8.2.3 Component and Material Tests 8.2.3.1 Pressure Relief Devices The neutron shield pressure relief devices shall be visually inspected for damage or indications of excessive corrosion prior to each transport of the HI-STAR 180D package. If the inspection determines an unacceptable condition, the neutron shield pressure relief devices shall be replaced. The neutron shield pressure relief devices shall be replaced periodically while the cask is in service as recommended by the manufacturers O&M manual.

8.2.3.2 Shielding Materials Periodic verification of the neutron shield integrity shall be performed within 5 years prior to shipment. The periodic verification shall be performed by radiation measurements with either loaded contents or a check source. Measurements shall be taken at three cross sectional planes through the radial shield and at four points along each planes circumference. The average measurement results from each sectional plane shall be compared to calculated values to assess the continued effectiveness of the neutron shield. The calculated values shall be representative of the loaded contents (i.e., fuel type, enrichment, burnup, cooling time, etc) or the particular check source used for the measurements.

8.2.3.3 Packaging Surfaces Accessible external surfaces of the packaging (including impact limiters) shall be visually inspected for damage prior to each fuel loading to ensure that the packaging effectiveness is not significantly reduced. Visual inspections of the cask and impact limiters shall be performed for external surface coating and component damage including surface denting, surface penetrations, weld cracking, chipped or missing coating. Where necessary, cask coatings shall be reapplied.

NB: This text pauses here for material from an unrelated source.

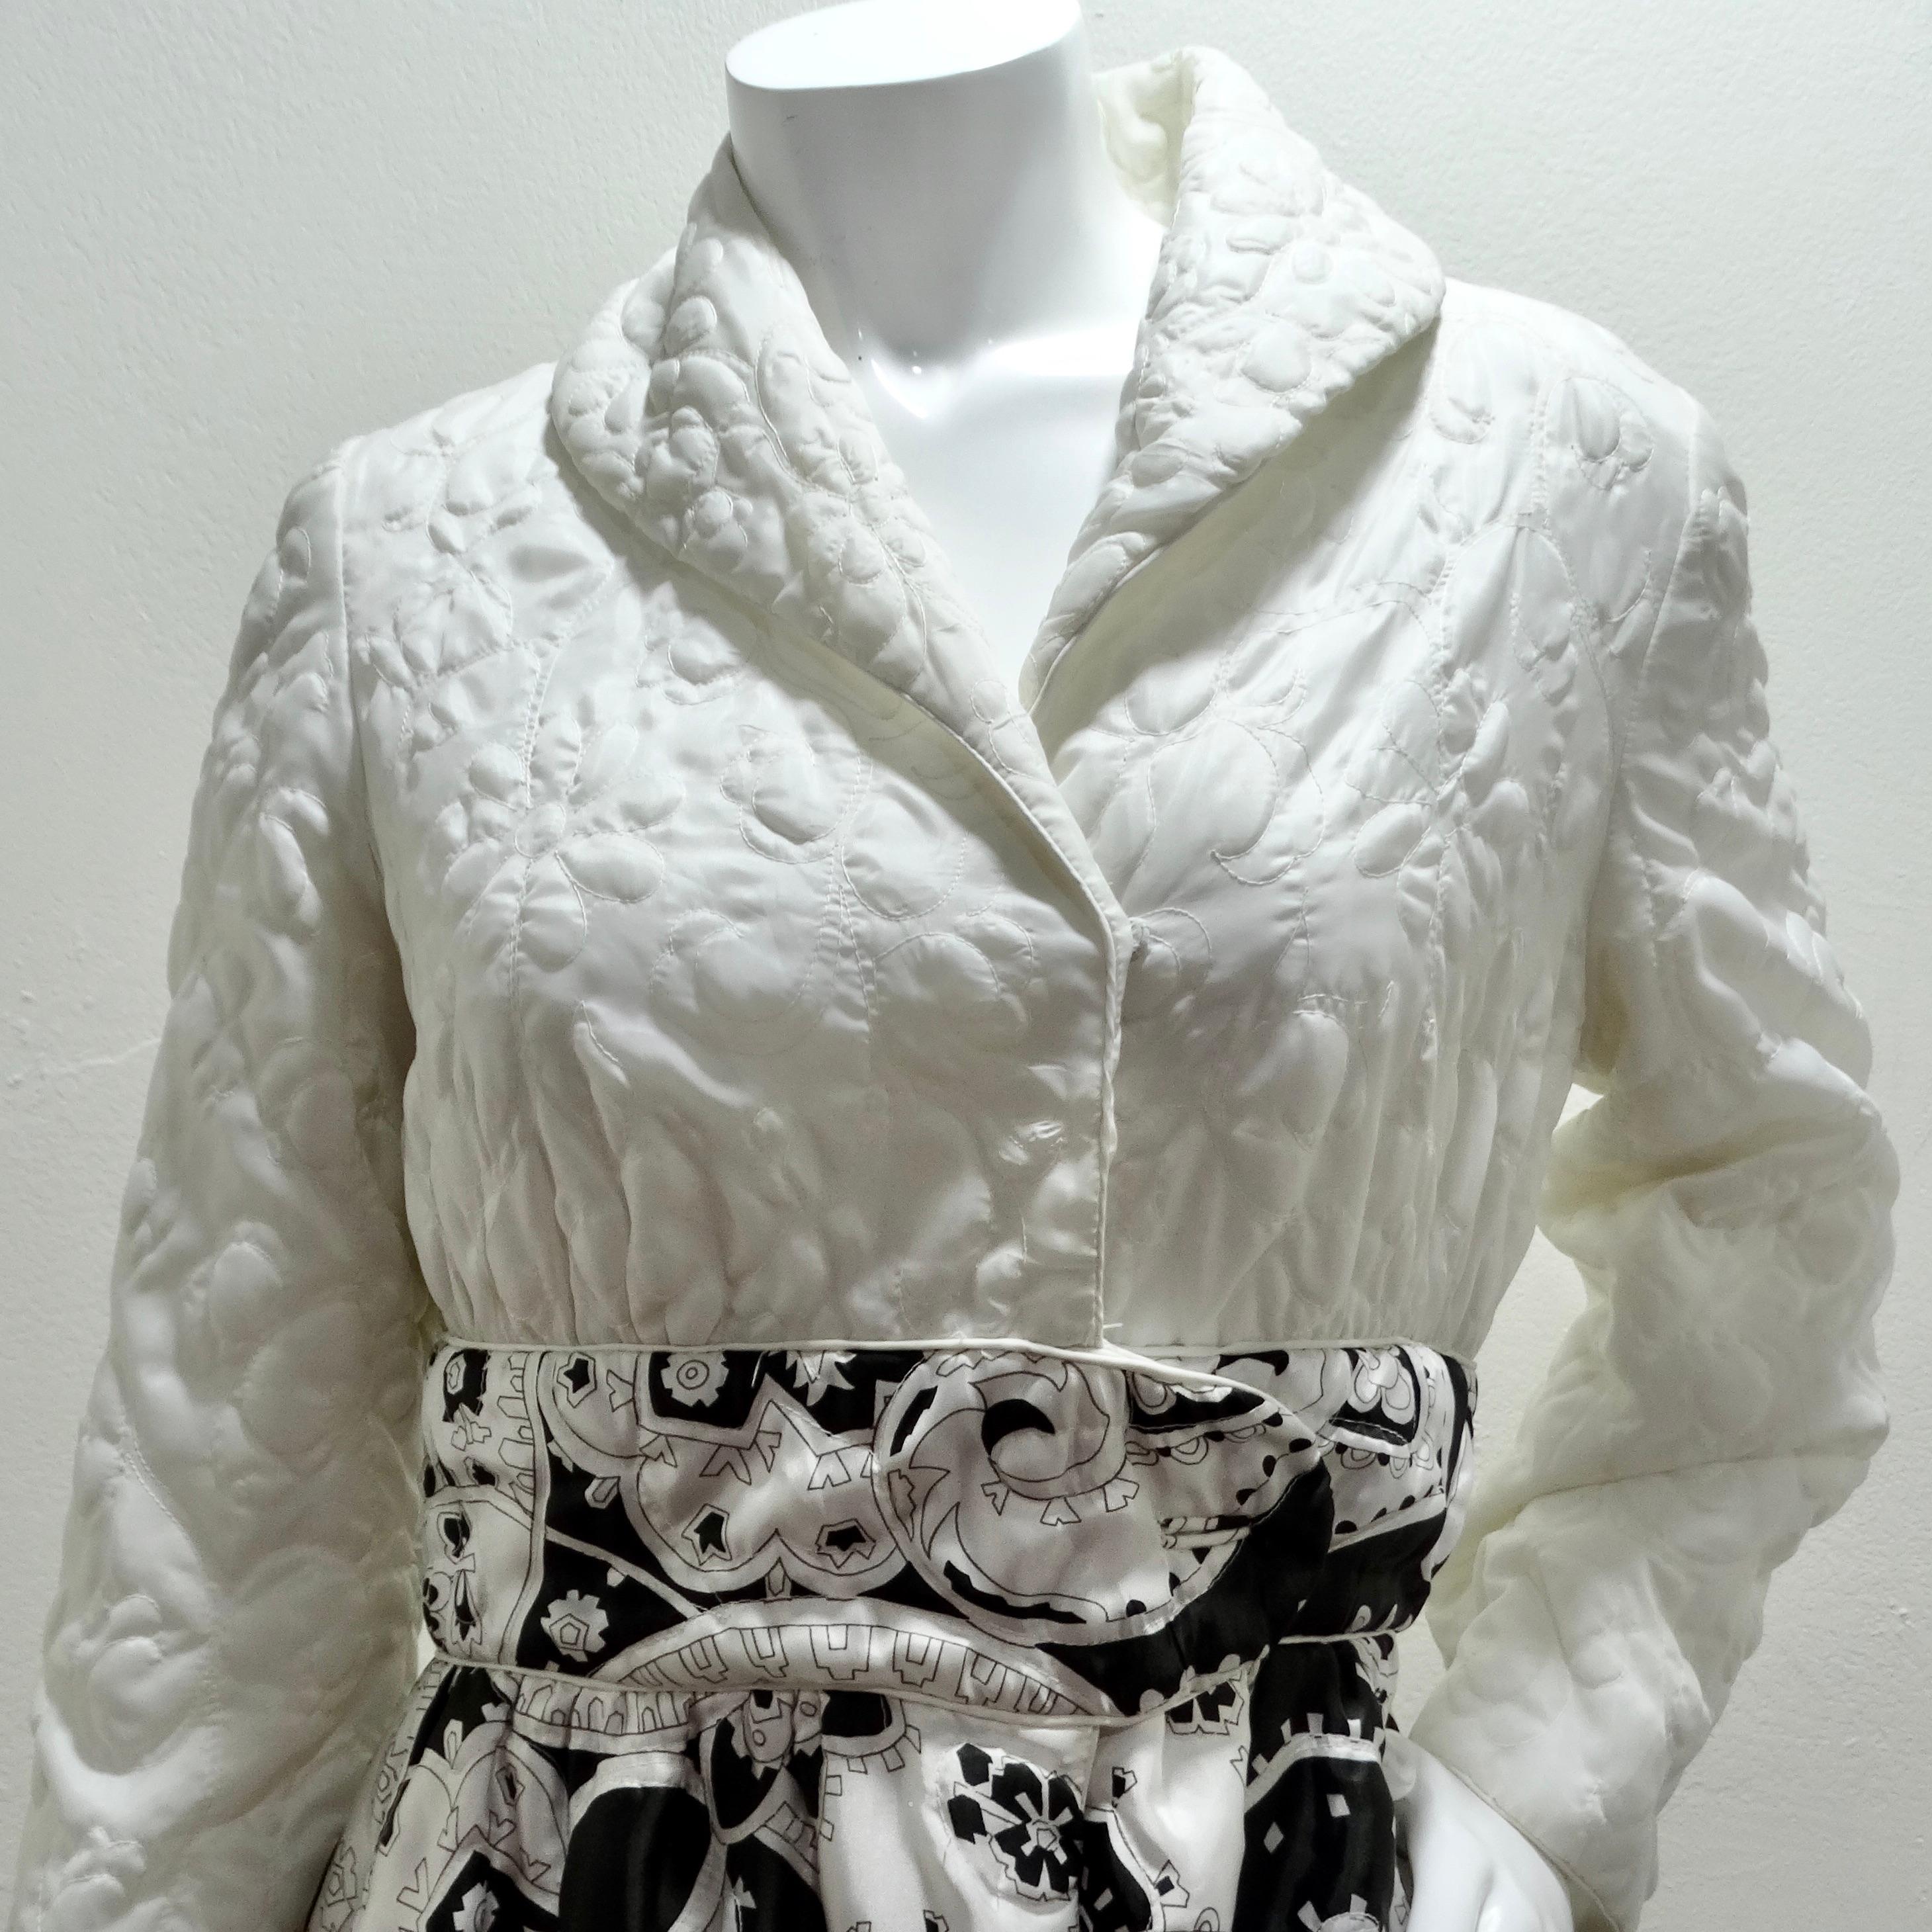 Voici le superbe peignoir matelassé noir et blanc des années 1960, une pièce polyvalente et accrocheuse qui respire le charme et l'élégance vintage. Réalisée avec une attention méticuleuse aux détails, cette longue veste/robe matelassée présente un

Damage shall be evaluated for impact on packaging safety and shall be repaired or replaced accordingly. Wear and tear from normal use will not impact cask safety. Repairs or replacement in accordance with written and approved procedures, as set down in the O&M manual, shall be required if unacceptable conditions are identified.

Prior to installation or replacement of a closure seal, the cask sealing surface shall be cleaned and visually inspected for scratches, pitting or roughness, and affected surface areas shall be polished smooth or repaired as necessary in accordance with written and approved procedures.

HI-STAR 180D SAR Revision 5 Report HI-2125175 8.2-2 TRANSPORT SAR REVISION 5 (APRIL 16, 2020) HOLTEC NON-PROPRIETARY COPYRIGHTED MATERIAL

NON-PROPRIETARY INFORMATION 8.2.3.4 Packaging Fasteners Cask closure fasteners and impact limiter fasteners shall be visually inspected for damage such as excessive wear, galling, or indentations on the threaded surfaces prior to installation. The severity of thread damage shall be evaluated per standard industry practice. Damaged fasteners shall be replaced accordingly. Damaged internal threads may be repaired per standard industry practice (e.g. threaded inserts). Any repair shall be evaluated to ensure ASME Code stress limits applicable to bolted closure joints are met. Any required material or manufacturing process testing would also be performed in accordance with ASME Section III, Subsection NB.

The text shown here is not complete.